Shakespeare Legitimizes Cinema
26 August 2009
The Vitagraph Company produced at least nine film adaptations of Shakespeare's works during 1908-1909, and they were behind the 1910 "Twelfth Night" also included on the Silent Shakespeare video. According to historians Roberta E. Pearson and William Uricchio, thirty-six such one-reel adaptations were made in the US alone from 1908-1913, with still more being imported from Europe ("How Many Times Shall Caesar Bleed in Sport", included in "The Silent Cinema Reader"). Some of the earliest feature-length films were Shakespearian, too, including "Cleopatra", "Richard III" (both 1912) and "Antony and Cleopatra" (Marcantonio e Cleopatra)(1913). As Pearson and Uricchio, as well as others, have pointed out, these adaptations were an effort by the movie industry to lend cultural legitimacy to its product at a time when the art form still wasn't mainstream and faced threats of public censorship. Other literary and theatrical sources were adapted in addition to Shakespeare in an effort to win over the haughty.

As for this particular film, for what it is, it's not bad. It's an extremely truncated adaptation, with wordy title cards explaining proceeding action, which was common in early narrative films, especially literary/theatrical ones. In addition to the title cards, the filmmakers relied on audiences already being familiar with the play, which is another reason so many of these early films are based on popular literature and theatre. At least, this "A Midsummer Night's Dream" was photographed entirely outdoors, which freed the production from being stagy. There's also some substitution-splicing and superimpositions for fairy tricks. It's a rather average film for its time—nothing exceptional.

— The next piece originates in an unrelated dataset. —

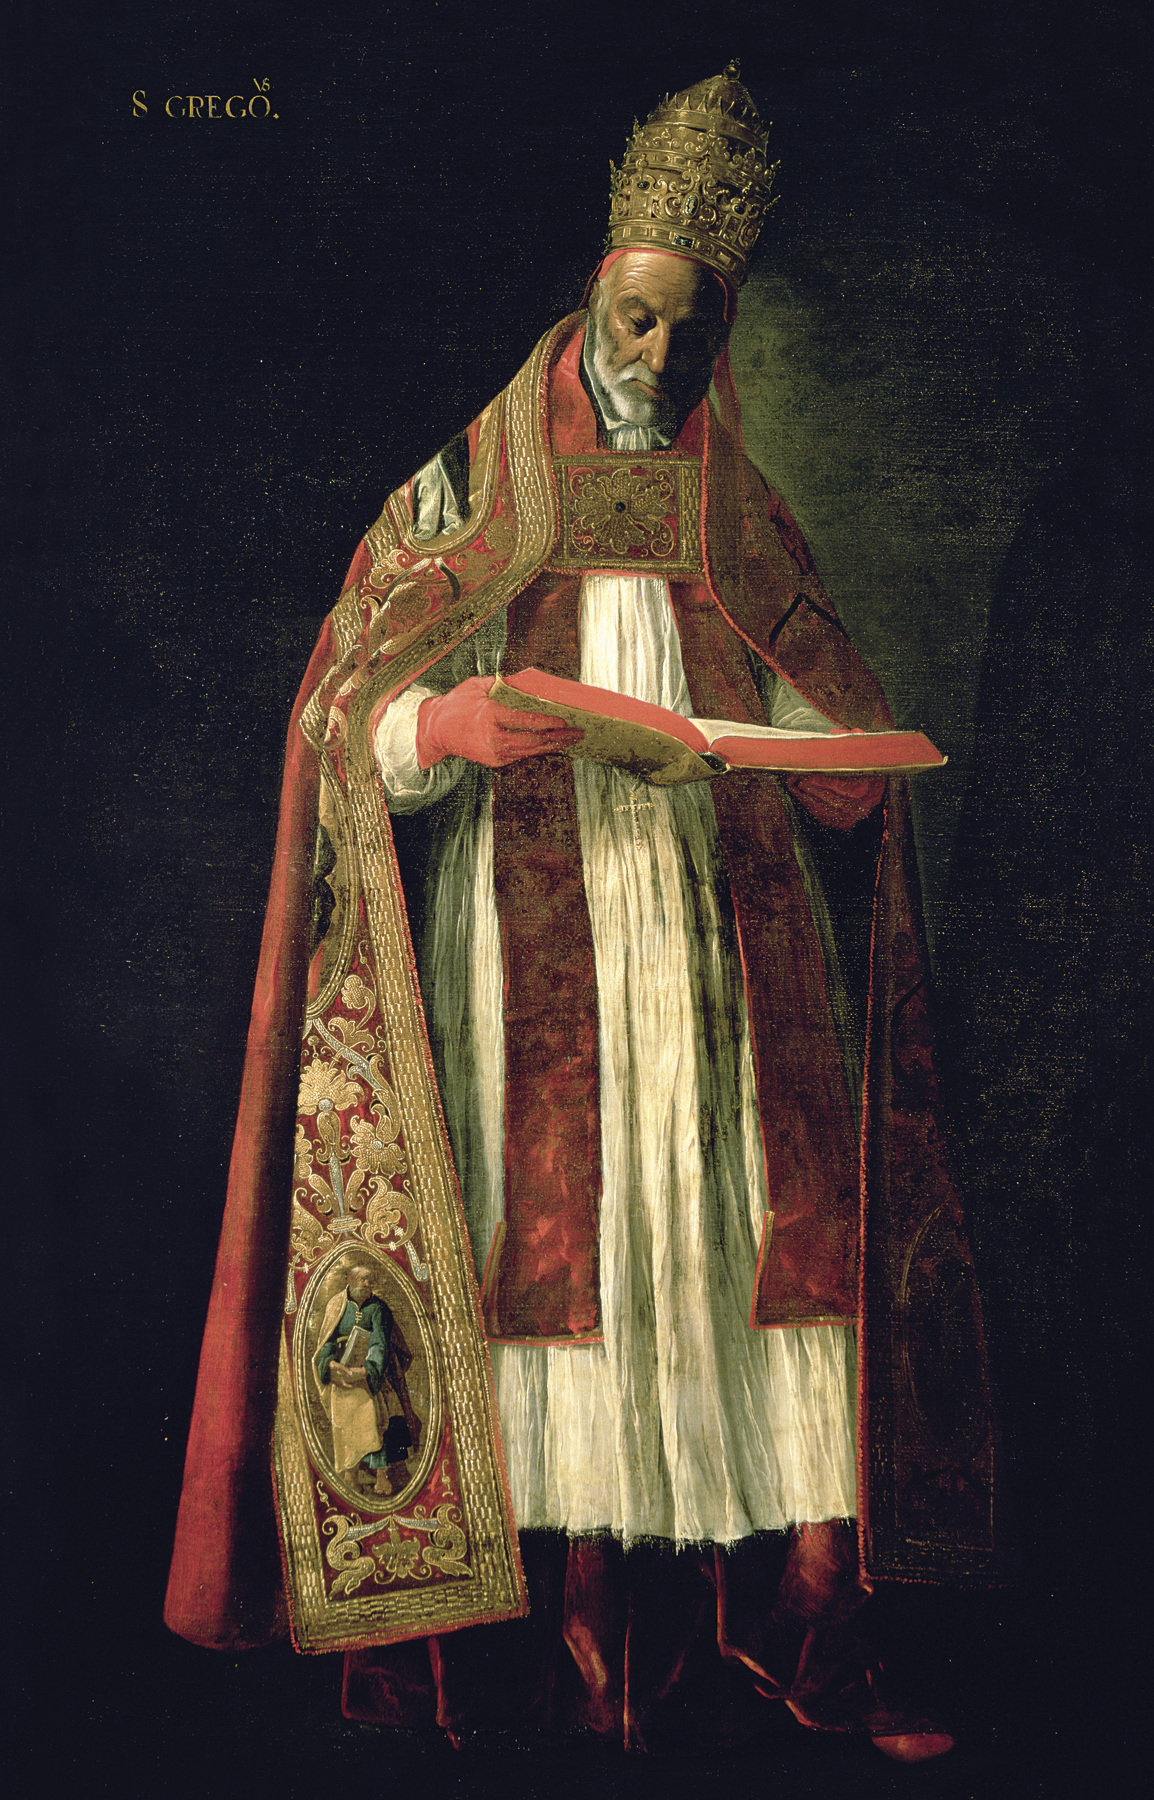 Pintura. Homem de barbas brancas, usando coroa longa dourada e túnica branca e vermelha sob manto vermelho e dourado. Ele usa luvas vermelhas e segura um livro grosso  aberto.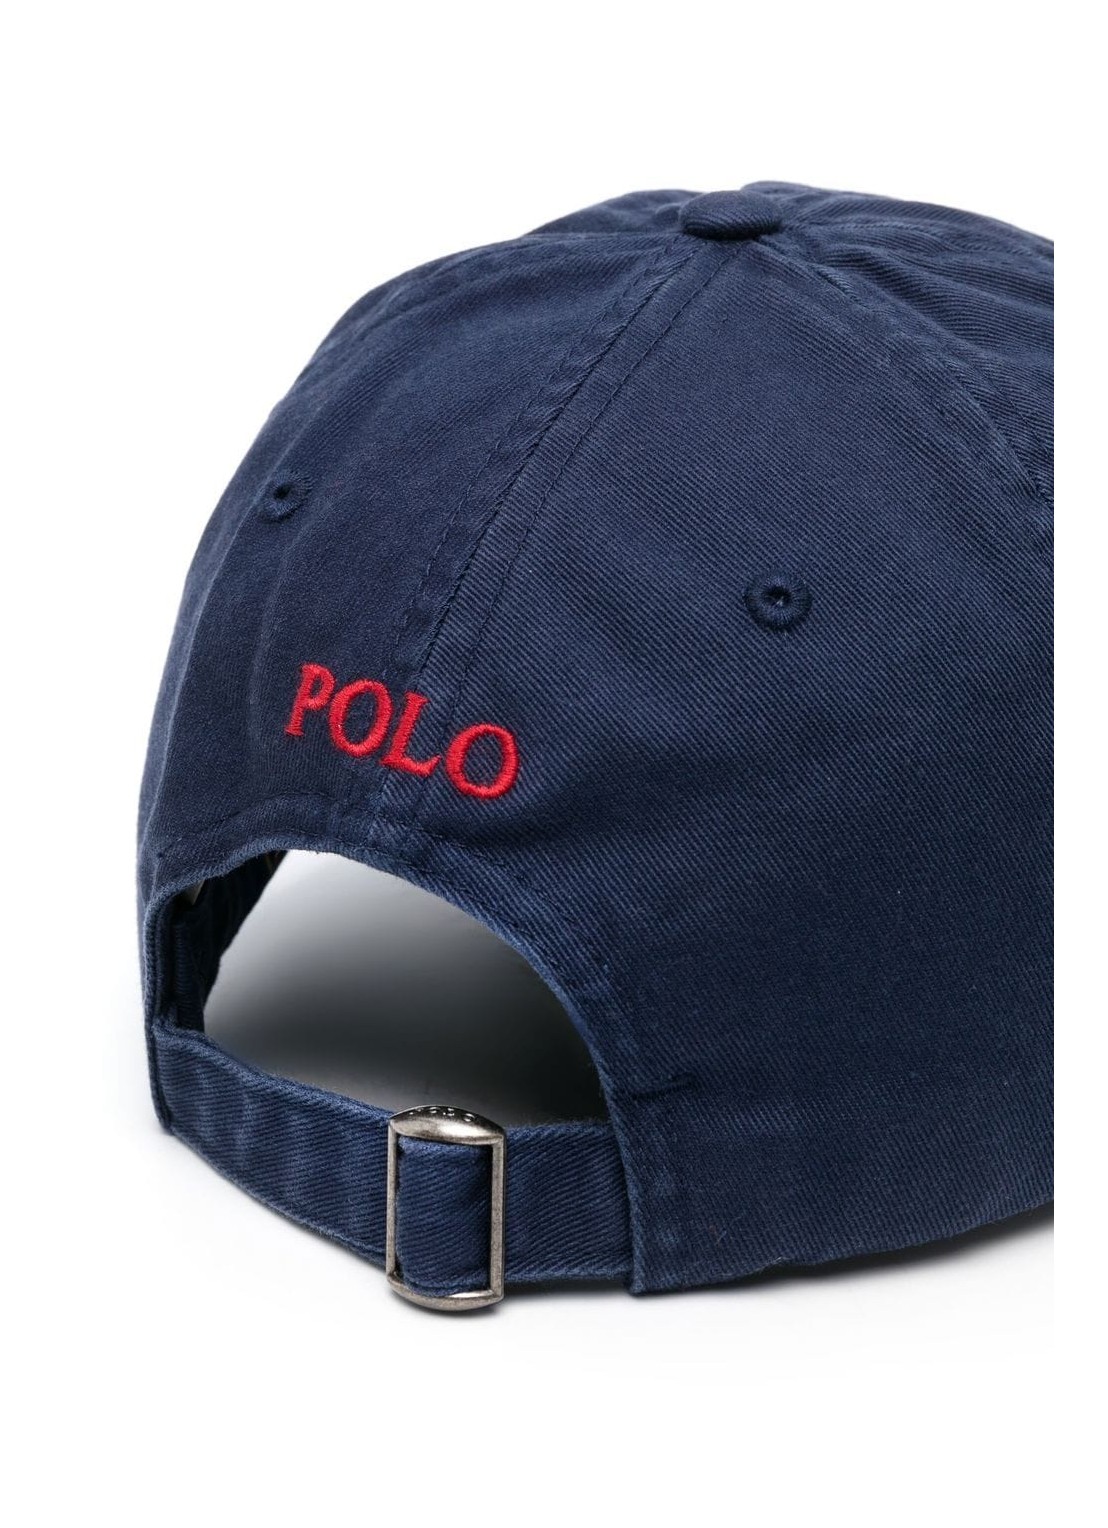 polo ralph lauren sport cap-hat - 710548524014 newport navy rl2000 red ...

The filmmakers of this one were also responsible for other Shakespearian films, especially J. Stuart Blackton, who worked on all nine of those Vitagraph films and a few more Shakespeare adaptations apparently made by other companies. Blackton was a noteworthy film pioneer, who started out working for the Edison Company, was the key founder of Vitagraph and made the early animation film "Humorous Phases of Funny Faces" (1906) and the amusing "Princess Nicotine; or, The Smoke Fairy" (1909), among other pictures.